* What you are asked to do: With every picture left out, give the data below back exactly.

-- Record excerpts follows --

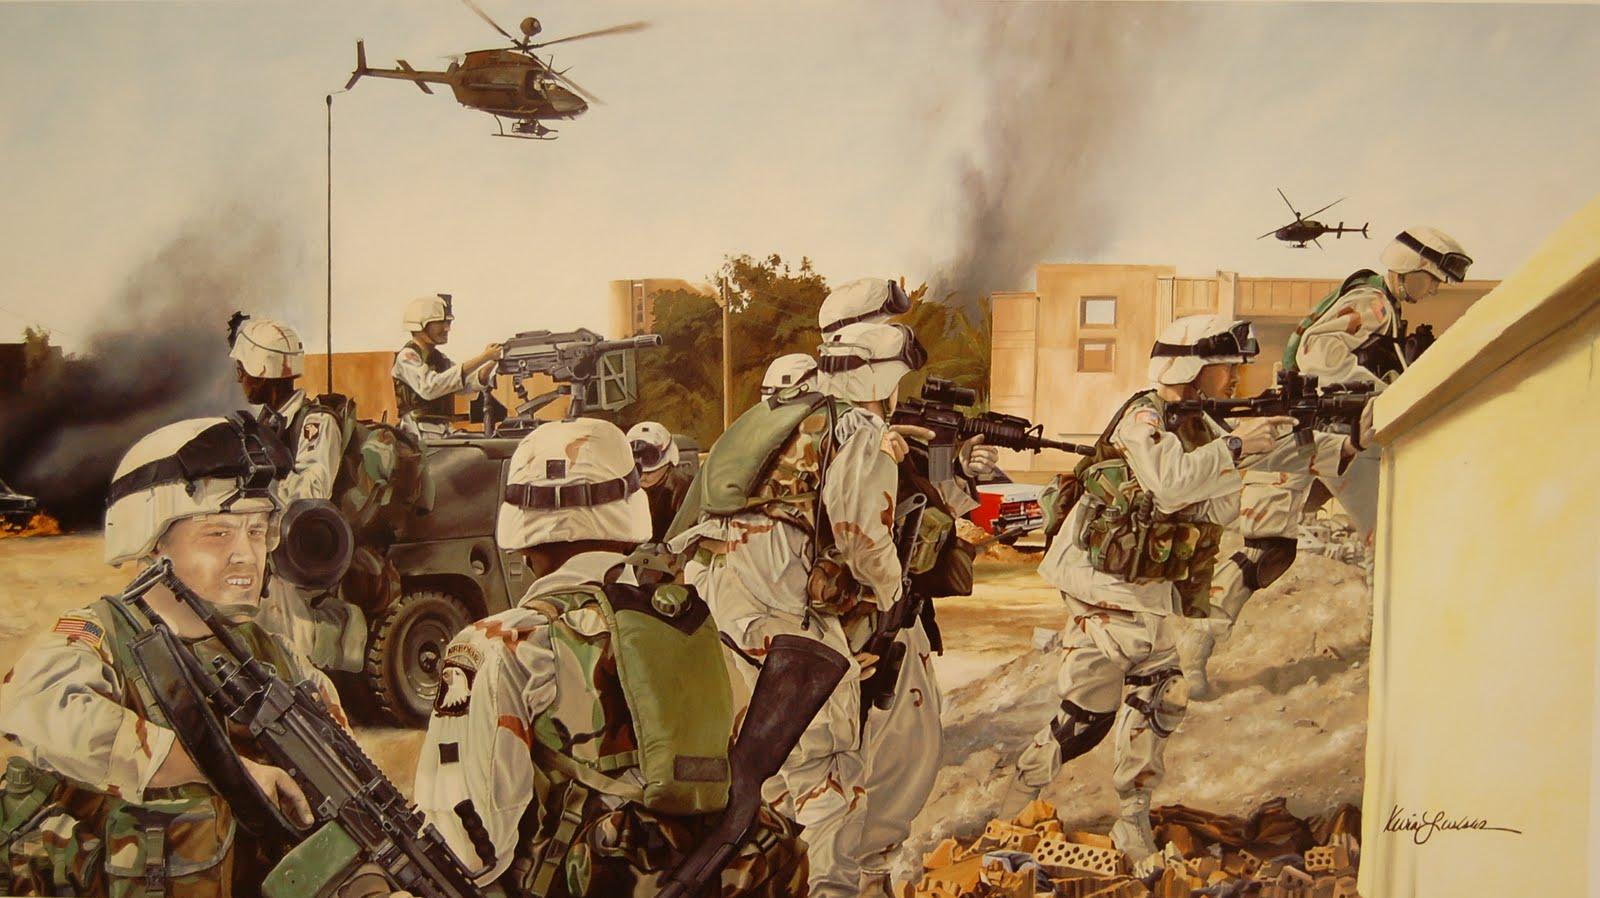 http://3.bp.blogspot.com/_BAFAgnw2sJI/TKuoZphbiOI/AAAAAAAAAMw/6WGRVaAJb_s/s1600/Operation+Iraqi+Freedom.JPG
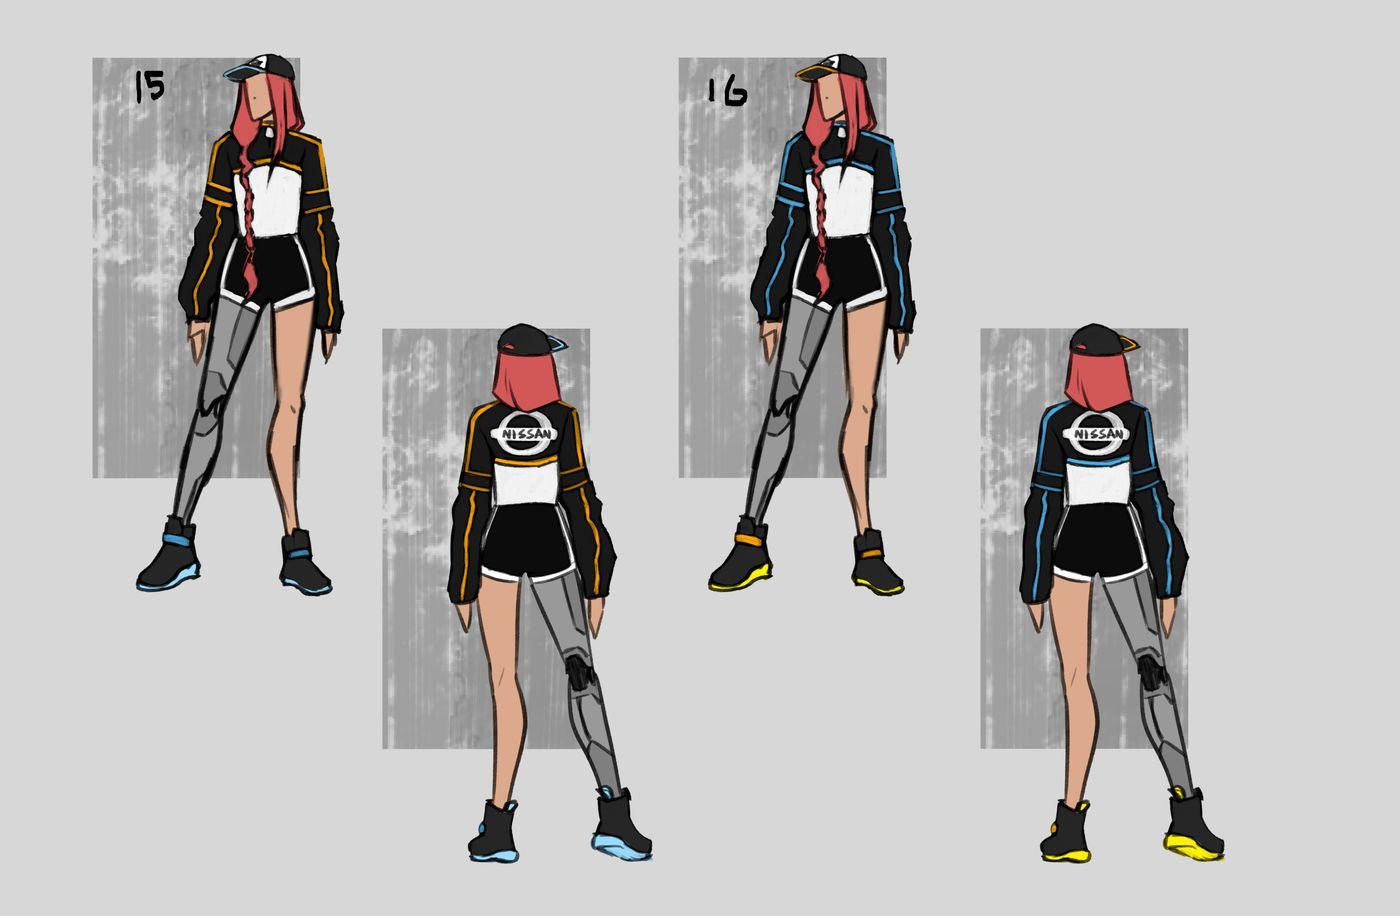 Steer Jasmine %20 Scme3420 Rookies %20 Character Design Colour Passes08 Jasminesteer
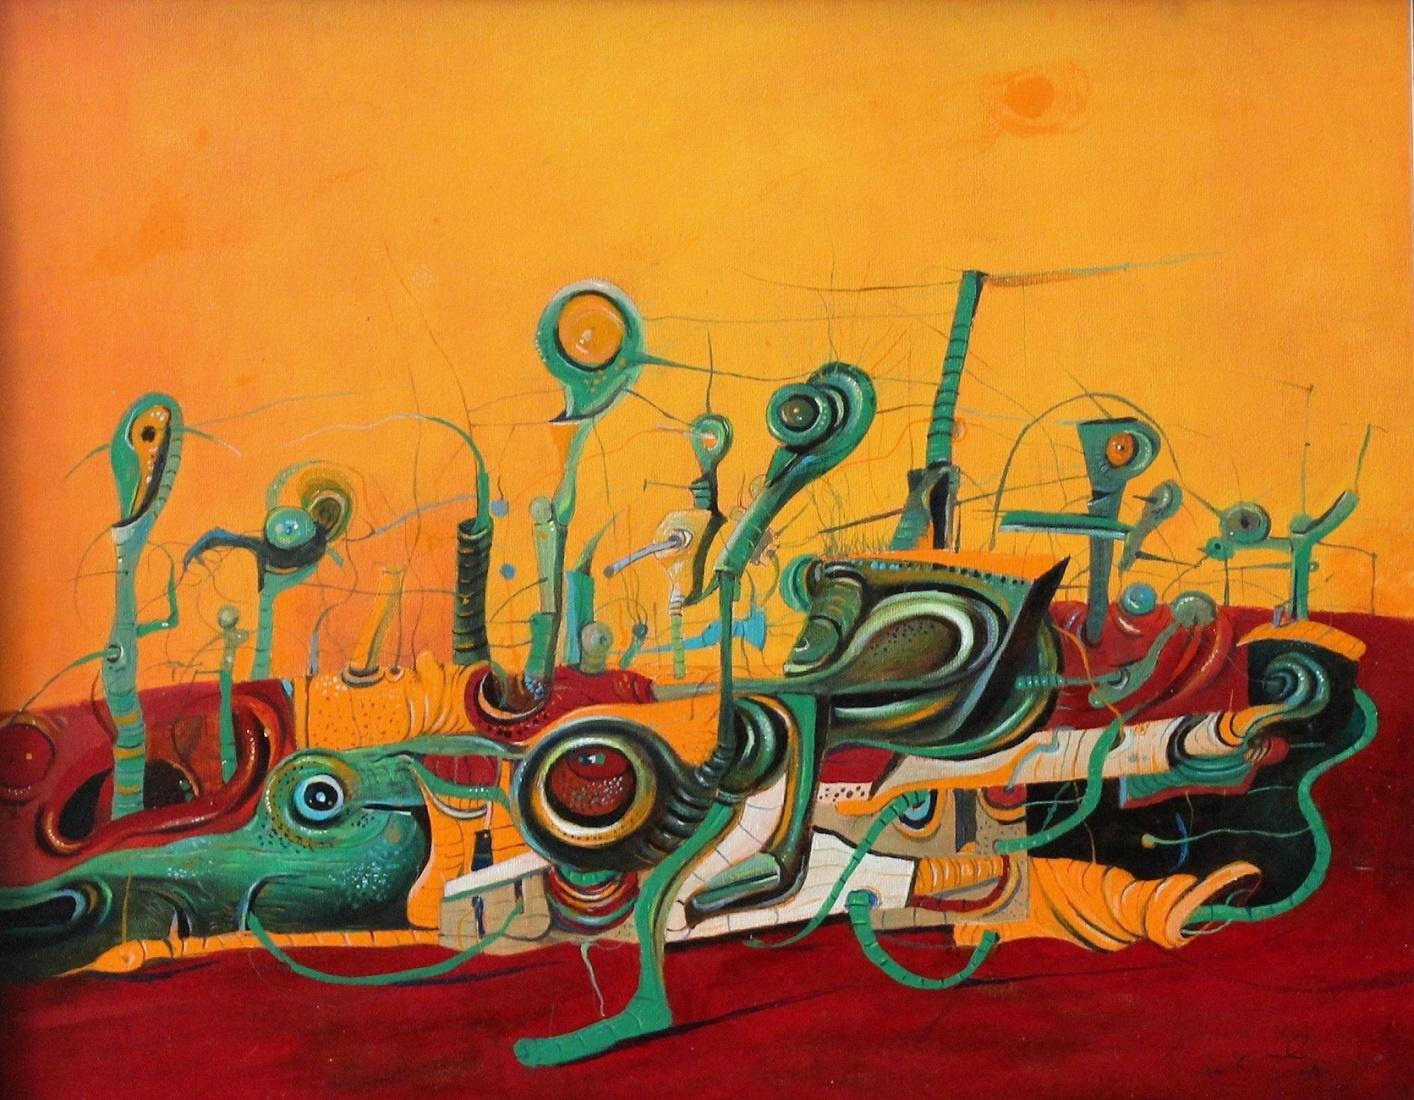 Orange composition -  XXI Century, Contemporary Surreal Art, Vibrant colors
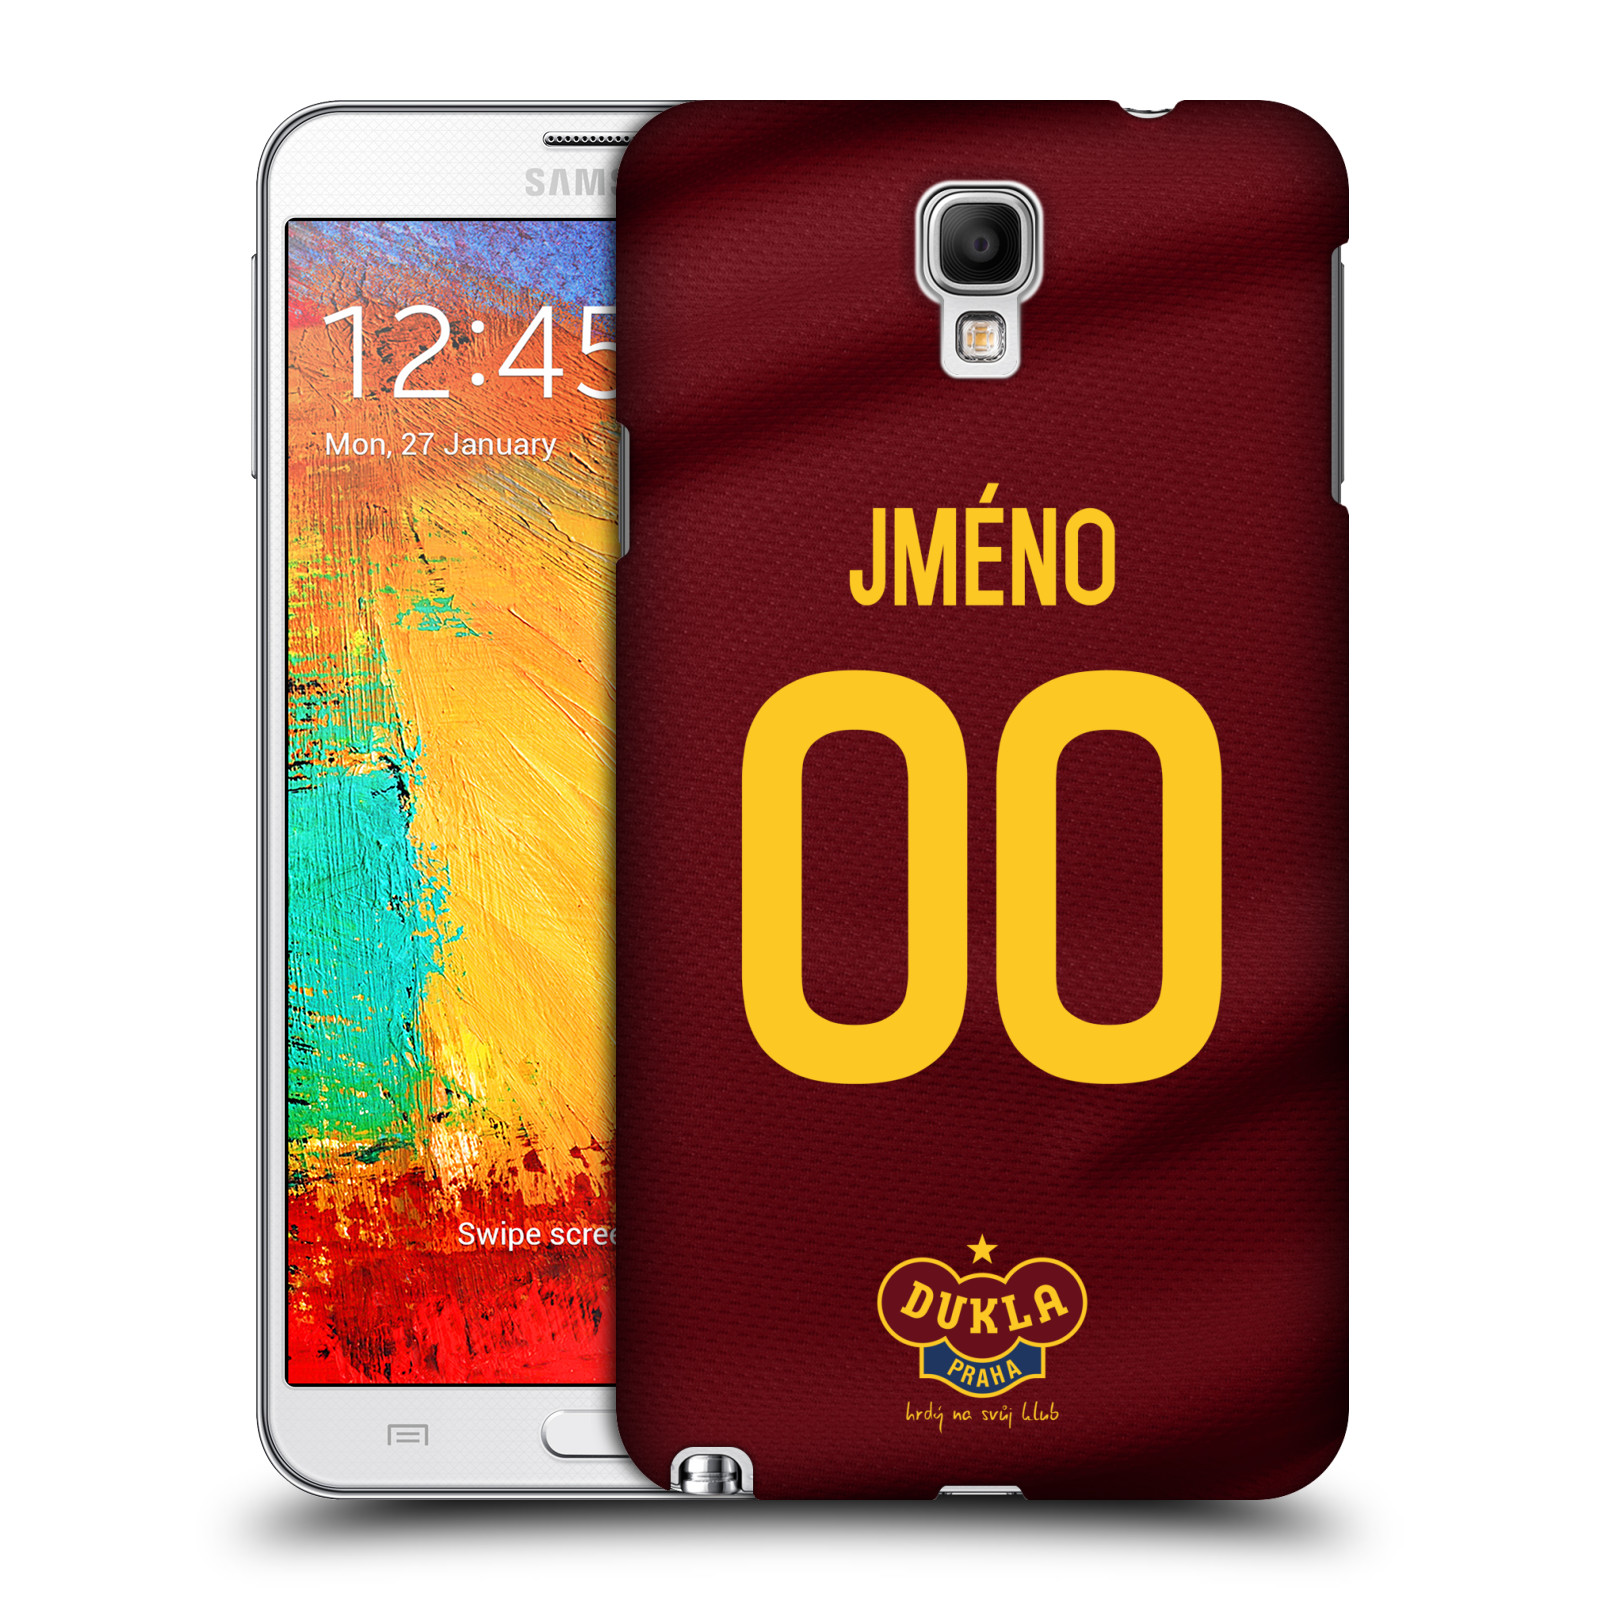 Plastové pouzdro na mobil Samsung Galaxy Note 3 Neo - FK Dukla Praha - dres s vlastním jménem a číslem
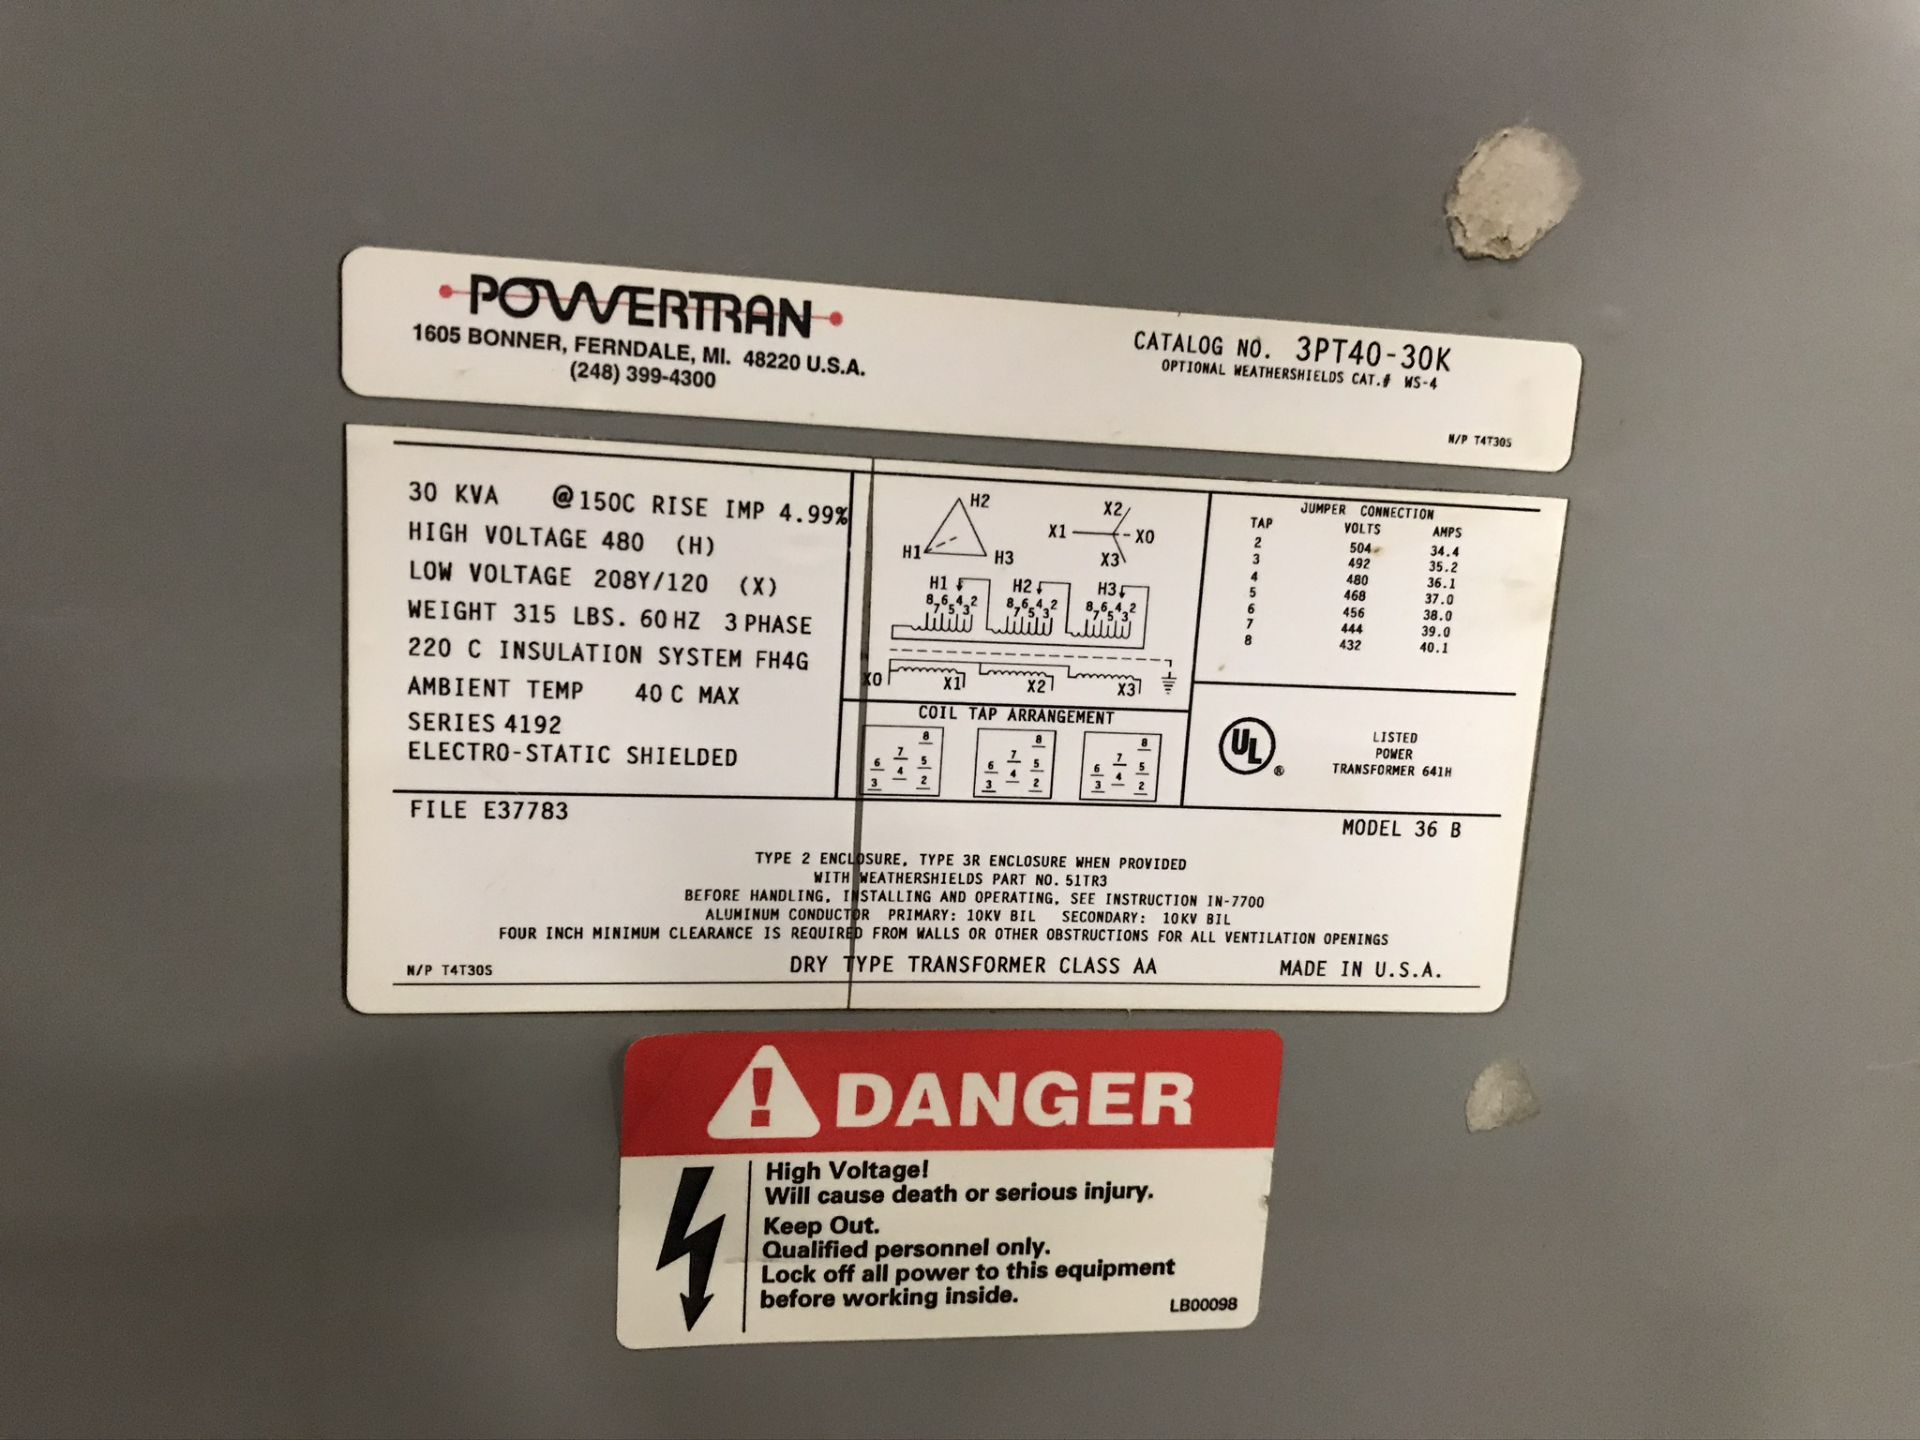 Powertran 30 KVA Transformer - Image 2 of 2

-- Record excerpts concluded --

* Exercise answer:
 http://3.bp.blogspot.com/_BAFAgnw2sJI/TKuoZphbiOI/AAAAAAAAAMw/6WGRVaAJb_s/s1600/Operation+Iraqi+Freedom.JPG
 Steer Jasmine %20 Scme3420 Rookies %20 Character Design Colour Passes08 Jasminesteer
 Orange composition -  XXI Century, Contemporary Surreal Art, Vibrant colors
 Plastové pouzdro na mobil Samsung Galaxy Note 3 Neo - FK Dukla Praha - dres s vlastním jménem a číslem
 Powertran 30 KVA Transformer - Image 2 of 2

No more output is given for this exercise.